Our research focuses on learning explainable quantitative models for diagnosis and therapy from high dimensional single-cell omics data.
Clinical Bioinformatics and Machine Learning in Translational Single-Cell Biology
Supervised learning of disease associated cell populations
Health and disease status of multicellular organisms pivotally depends on rare cell populations, such as hematopoietic stem cells or tumor initiating cell subsets. We consider single-cell- and spatially resolved proteomic and transcriptomic readouts, and introduced machine learning approaches to identify – possibly rare – disease associated cell subsets, ultimately enabling comparative single-cell studies, e.g. for immunotherapy response prediction in liver cancer, melanoma or diagnosis of autoimmune disorders and detection spatial tissue determinants of disease association.
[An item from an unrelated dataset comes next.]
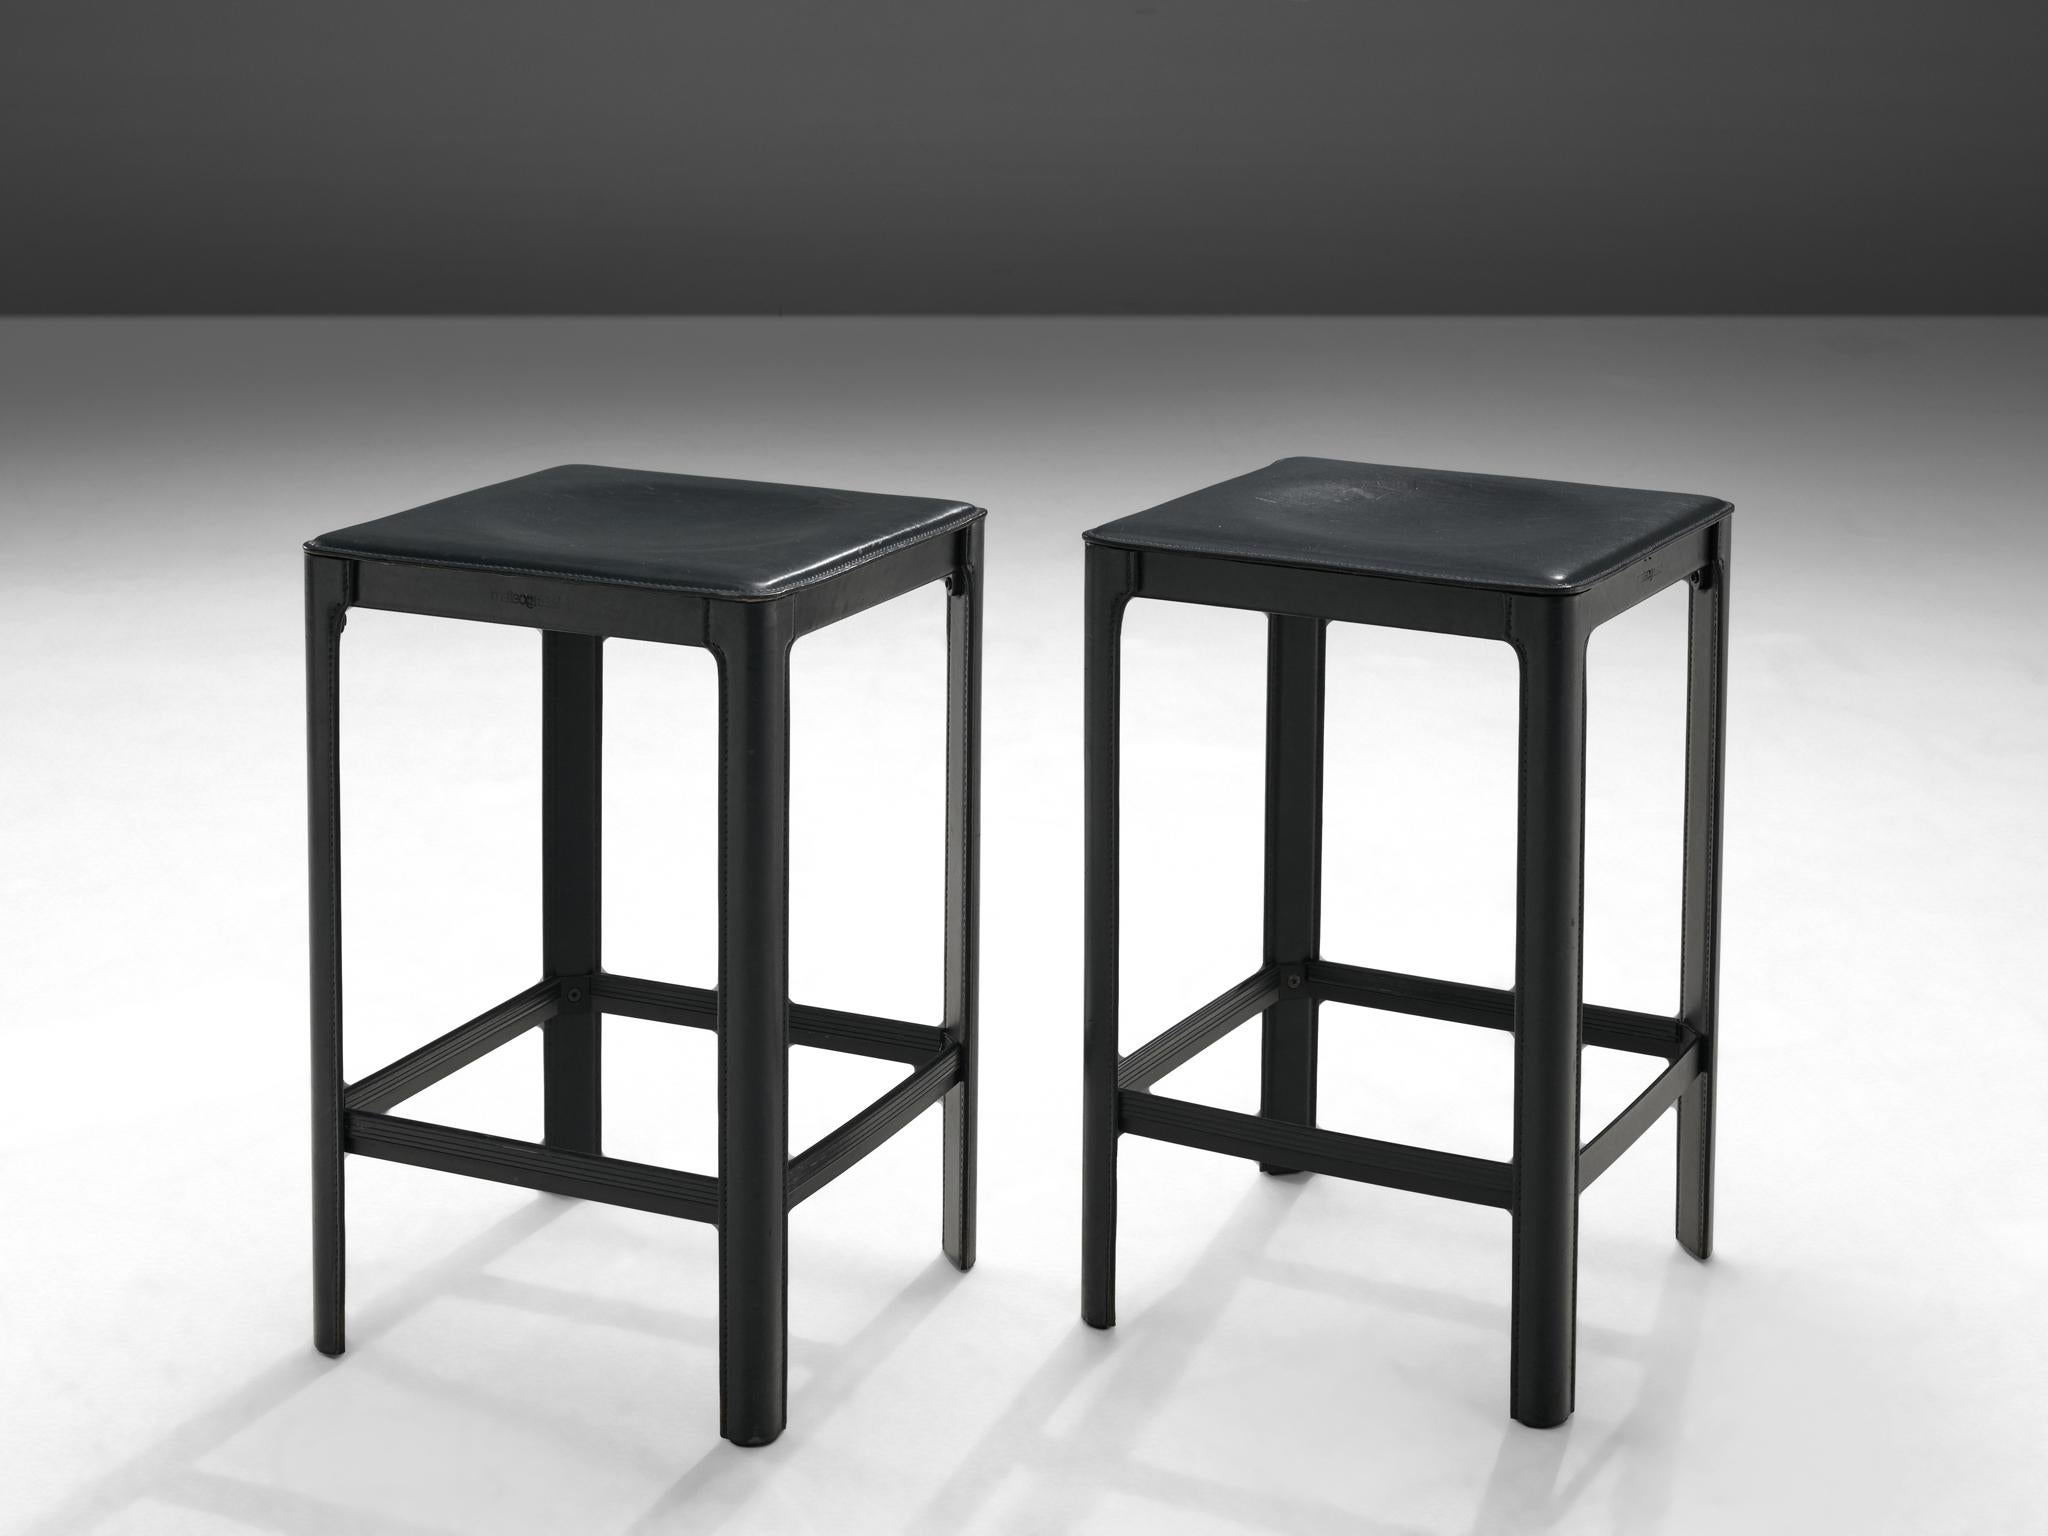 Matteograssi, pair of bar stools, leather, metal, Italy, 1970s

Postmodern set of stools in black leather, designed by Matteo Grassi. The stools are completely covered in leather, which is stitched and molded on to the metal frame, a type of

Machine learning for structure learning of large dynamic systems in health and disease
Dynamic processes are increasingly studied by high-dimensional single-cell snapshots, complementing efforts based on time-lapse measurements. Such measurements enable us to evaluate cell population distributions and their evolution over time. However, it is not trivial to map these distributions across time and to identify dynamically important cell states. To this end we develop sparse regression, probabilistic graphical modeling, supervised surrogate learning approaches and operator approximation approaches, as well as supervised pseudotime approaches and simulation based trajectory inference for single-cell RNA seq time series analysis, and apply these to reconstruct differentiation processes such as T cell differentiation in cancer and chronic infections.